Southern California Edison on Thursday warned that its customers could face higher costs related to the shuttered San Onofre nuclear plant if regulators overturn a settlement agreement.
In an 80-page filing with the California Public Utilities Commission, Edison argued that the agreement reached over San Onofre’s closure should stand based on past legal precedent involving other settlement agreements and the normal process of closing power plants.
The utility’s filing was its first detailed response to an order that could lead to full reconsideration of the settlement agreement, which left consumers on the hook for $3.3 billion to permanently close the nuclear plant in 2013.
Edison argued that under the agreement customers were only paying for past investments to build and maintain the nuclear plant — not the mistakes that led to its closure.
Reconsidering the settlement could increase customer payments, the utility said.
“We believe this public process will allow interested parties to review the settlement and confirm for themselves that it should stand,” Ron Nichols, Edison’s president, said in a statement.
Consumer advocates filed their own arguments Thursday in favor of reconsidering the settlement. They argue that Edison should be held responsible for the premature closure of San Onofre in June 2013 after faulty replacement steam generators were installed at the plant.
The advocates, led by San Diego lawyer Michael Aguirre, a former assistant U.S. attorney, also maintain that Edison’s failure to report back-channel communication between Edison representatives and commission representatives about San Onofre’s closure cloud the integrity of the agreement.
“Before the PUC can take any corrective steps on San Onofre, the circle of officials who knew about the secret San Onofre deal … have to step away,” Aguirre said in an interview. He said the “prefabricated agreement” hurts public confidence.
In May, public utilities Commissioner Catherine J.K. Sandoval and Administrative Law Judge Maribeth Bushey issued the ruling to reopen the case in large part because of the revelations about the unreported talks.
In particular, the ruling cited a meeting between Michael Peevey, who was commission president, and Stephen Pickett, who was Edison’s vice president for external relations, during an energy industry junket in Warsaw, Poland.
Regulators in December fined Edison $16.7 million for failing to report the talks.
“In light of our December 2015 penalty levied against Edison … it is prudent to review whether the settlement reached before those disclosures remains in the public interest and in accordance with our settlement rules,” Sandoval wrote in May. “It is important to reopen the record and hear from the parties through their filings in the CPUC’s proceeding.”
The settlement agreement was designed to resolve how $4.7 billion in expenses related to the nuclear plant would be paid.
The agreement stated that consumers would be responsible for $3.3 billion of the costs and shareholders of Edison and San Diego Gas & Electric, which together owned the plant, would shoulder the rest.
Out of the $3.3 billion, Edison customers were assigned most of the costs – about $2.5 billion.That has amounted to about $2 a month for the average residential customer.
Some of the consumer burden has been reduced because of insurance payments and other credits. Edison now says that its customers’ costs are down to $2 billion. That number could drop even further, the utility argues, if it is successful in a lawsuit with the contractor that handled the steam generator replacement.

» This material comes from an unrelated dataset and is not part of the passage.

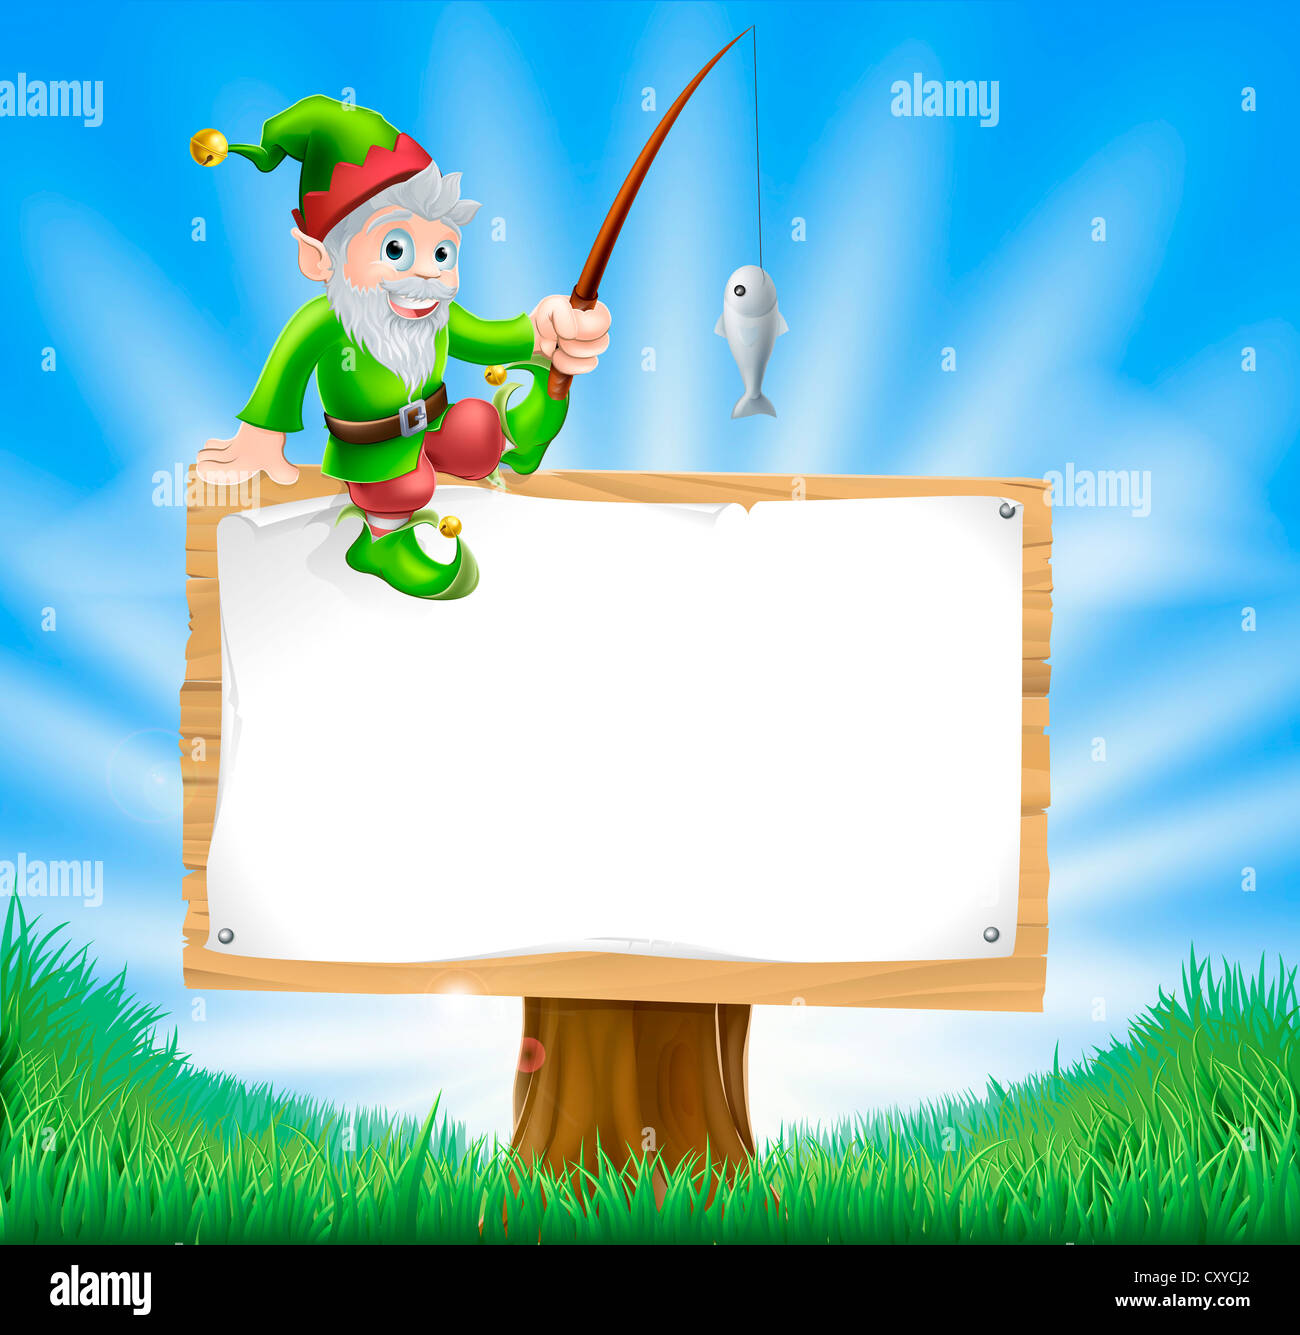 Illustration of a happy garden gnome or elf sitting on a sign holding a fishing rod Stock Photo

Edison notes the utility’s shareholders paid $696 million for the steam generators themselves, while customers paid $168 million, which covered the period in which the generators were working.
“Our shareholders, and not customers, are appropriately paying for the faulty steam generators from the day they were no longer providing power,” Nichols stated. “The portion of customers’ bills attributable to San Onofre is not related to the faulty steam generators, but to pay for other reasonable investments in a plant that provided safe, reliable, low-cost power for nearly 30 years.”